Lo studio legale Hill Dickinson, che la assiste a Londra, in una lettera inviata agli avvocati di Mincione, ha spiegato che «il nostro cliente intende contestare la giurisdizione». Pietro Parolin e i suoi rappresentanti non si presenteranno davanti ai giudici perché lo Stato della Città del Vaticano di fatto non riconosce, in merito alla controversia con Mincione, l'autorità della corte inglese.

Una mossa che Mincione contesterà: la Santa Sede, dicono i suoi legali Peter Wood e Giulia Trojano, è azionista della società inglese 60 Sa (e dunque regolamentata dal diritto britannico) che controlla il palazzo di Sloane Avenue, e pure il contratto di sottoscrizione con l'Athena è basato sul diritto inglese. L'ultimo rigo del contratto firmato da Perlasca evidenzia, in effetti, che eventuali dispute saranno trattate «nelle competenti corti dell'Inghilterra».

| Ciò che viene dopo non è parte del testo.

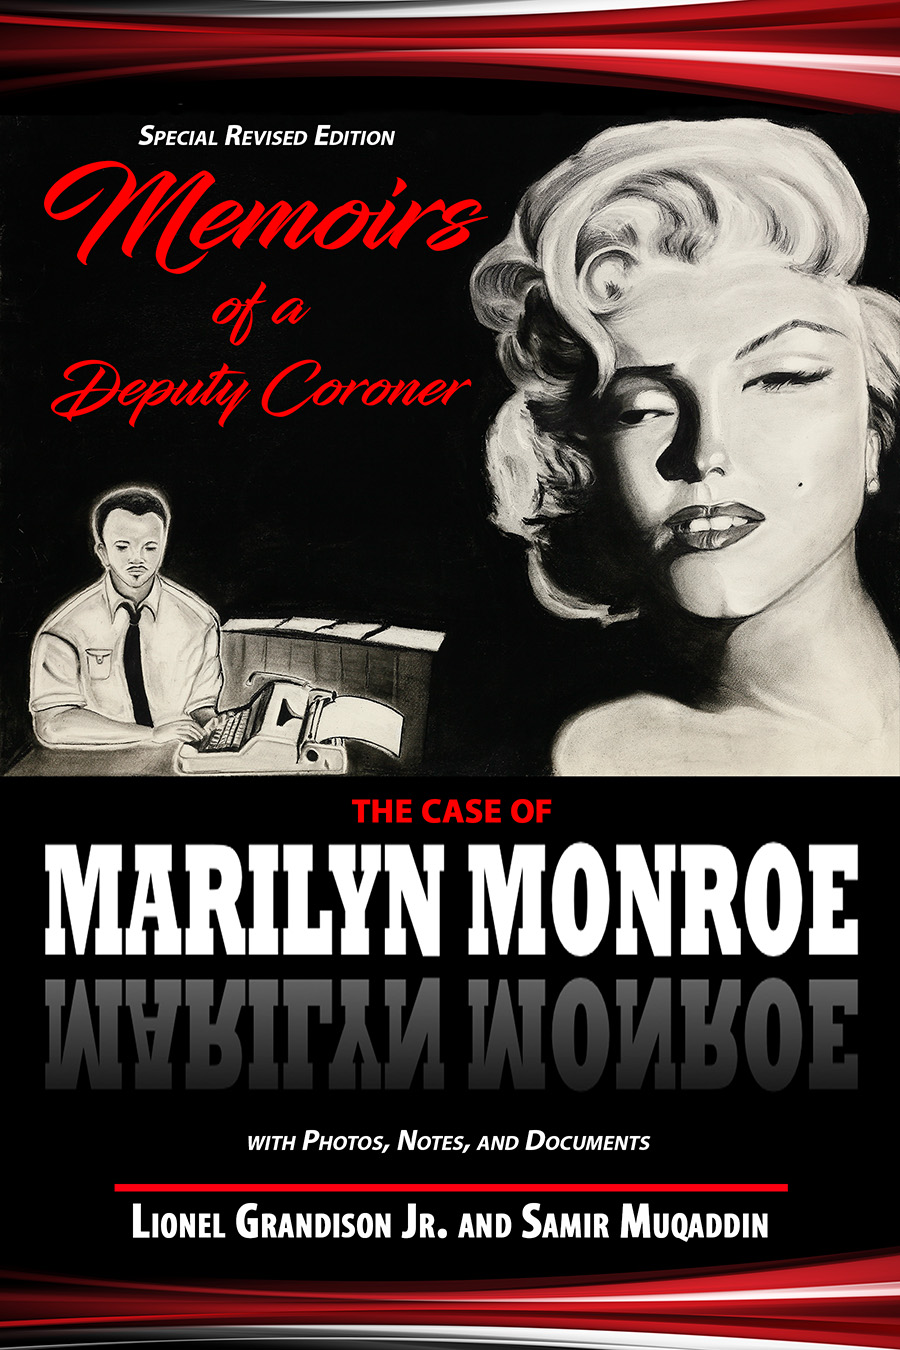 Memoirs of a Deputy Coroner The Case of Marilyn Monroe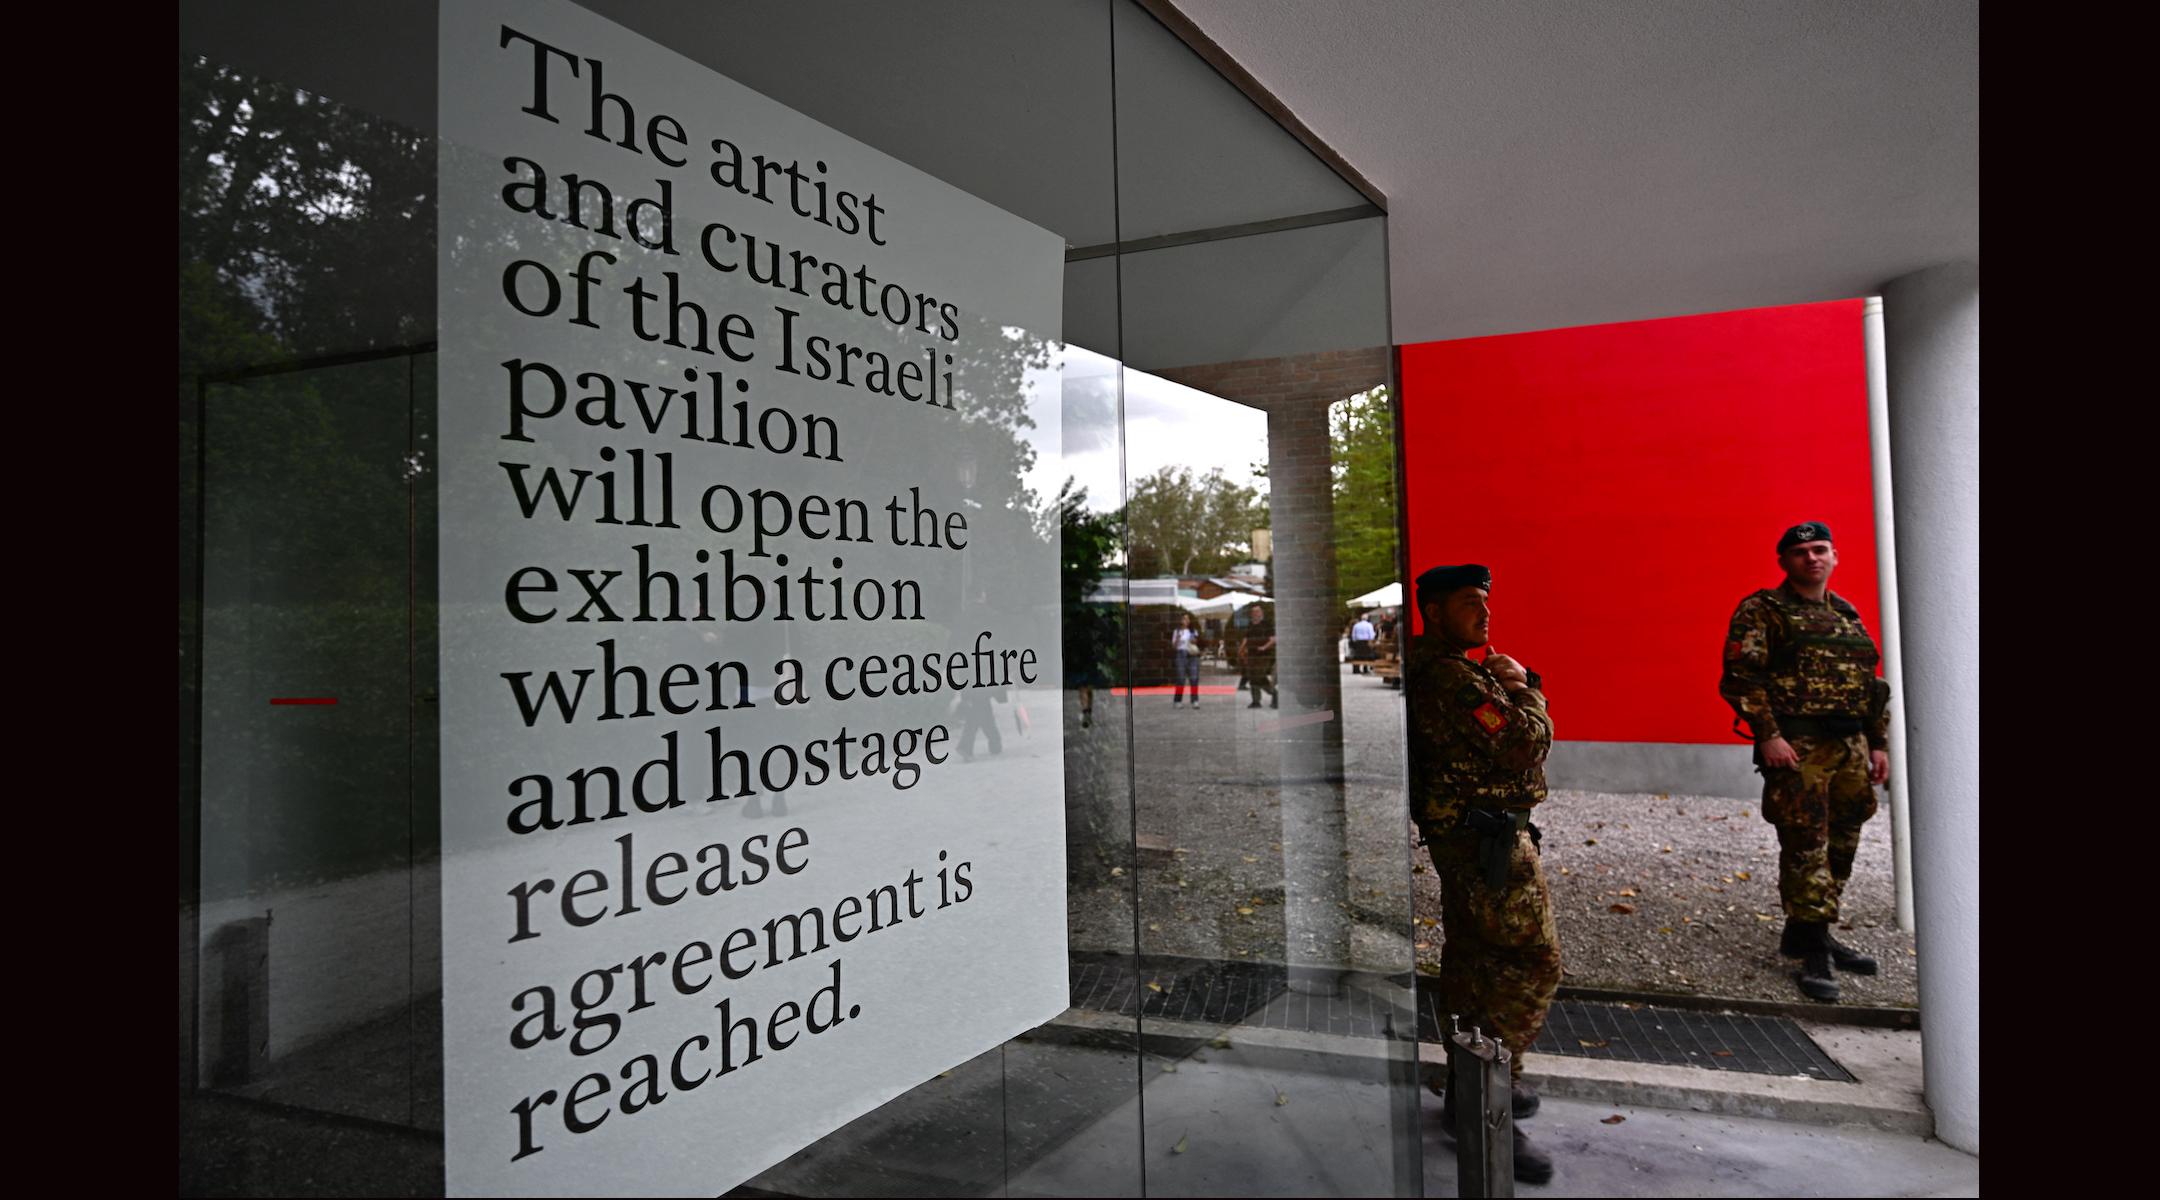 Israel’s representative at Venice Biennale shuts down art exhibit, demanding ceasefire and hostage deal

L'imprenditore accusato della stangata, però, non solo deve solo sperare che la Corte si consideri competente. Ma pure che la sua tesi venga accettata. Se perde, per i giudici vaticani si aprono praterie. Ma se il tribunale considererà corretto e valido quel contratto, Mincione ha già minacciato di chiedere danni d'immagine e patrimoniali per centinaia di milioni di euro.

Per papa Francesco, che spinge Vaticanopoli e che insiste nella promessa di non volere fare sconti a nessuno, sarebbe una beffa. Ecco perché gli investigatori lavorano notte e giorno per trovare evidenze del do ut des che spieghino i motivi di intese che loro considerano economicamente illogiche. Perché se per la defenestrazione di Becciu, al netto di accuse penali ancora da verificare, hanno pesato condotte giudicate dal papa già eticamente inappropriate per un uomo di una Chiesa che vuole «povera per i poveri», per inchiodare alle proprie responsabilità i vari indagati serviranno prove schiaccianti.